Bewohner des Yasuni Biosphären-Reservats
Eine spannende Initiative ist das Yasuni Biosphären-Reservat [Das unglaublich schön sein muss - mehr Information auf Wiki und schaut euch auf Google unter Sichwort Yasuni die dazugehörigen Bilder an. D Ü.], vielleicht der erste Versuch in der Welt, die Treibhausgase zu vermindern, indem man das Erdöl im Boden belässt. Dies schützt nicht nur die außerordentliche Biovielfalt des Gebietes, sondern auch das Habitat der indigenen Völker. Dieses Projekt umfasst auch die Nutzung von Öko-Tourismus, um menschliche Aktivitäten in Einklang mit der Natur zu bringen.

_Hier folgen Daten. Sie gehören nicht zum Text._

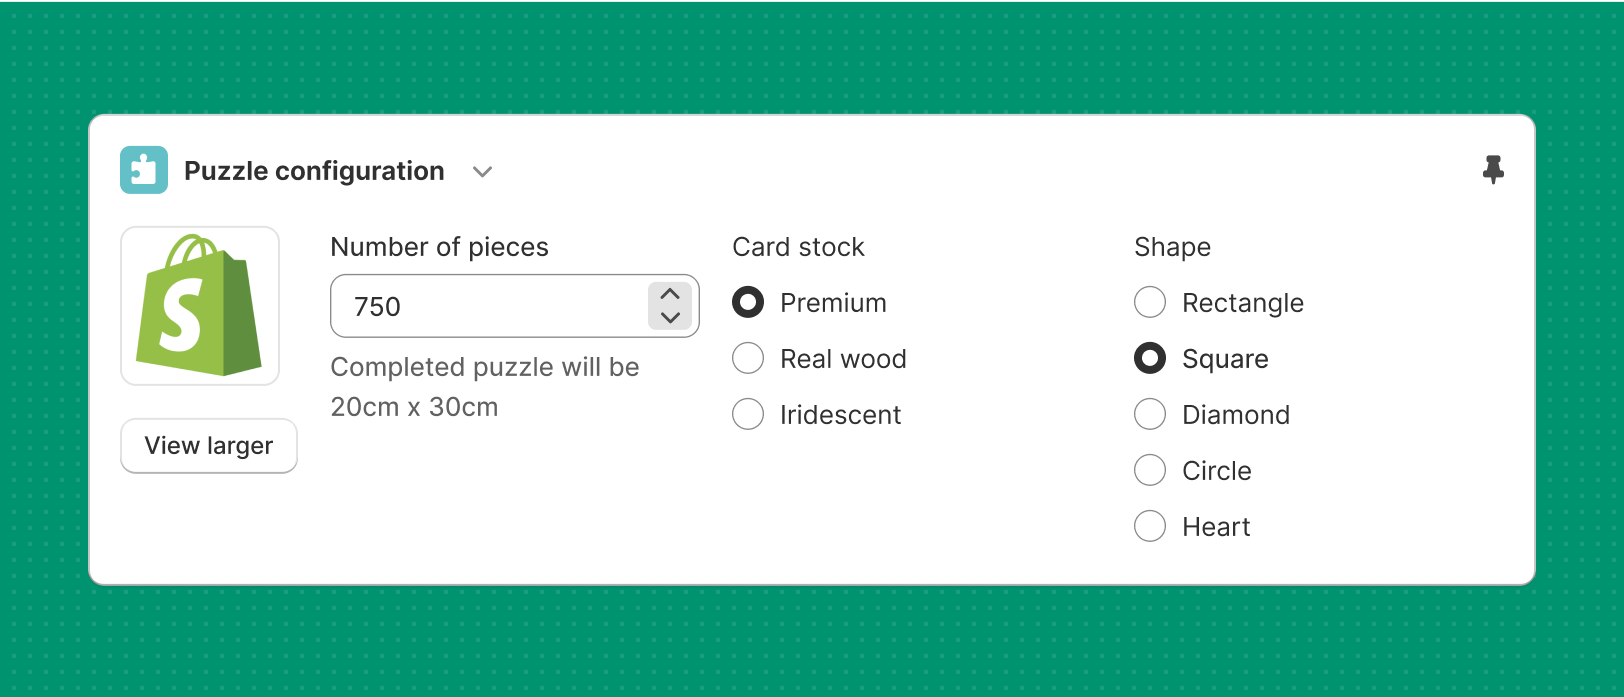 A simple form with several input fields.

All dies klingt zu schön, um wahr zu sein, und natürlich hat der Prozess der Umgestaltung erst begonnen. Konflikte sind vorprogrammiert mit jenen, deren Profite und Macht bedroht wird und mit anderen Hindernissen auf dem Weg. Aber für jene, die glauben, dass wir nicht zu einem düsteren Status quo verurteilt sind, und dass Gesellschaften Dinge auch anders anpacken können, liefert das, was in Ecuador geschieht, Inspiration und Anleitung. Die übrige Welt hat viel zu lernen aus diesem fortlaufenden radikalen Experiment.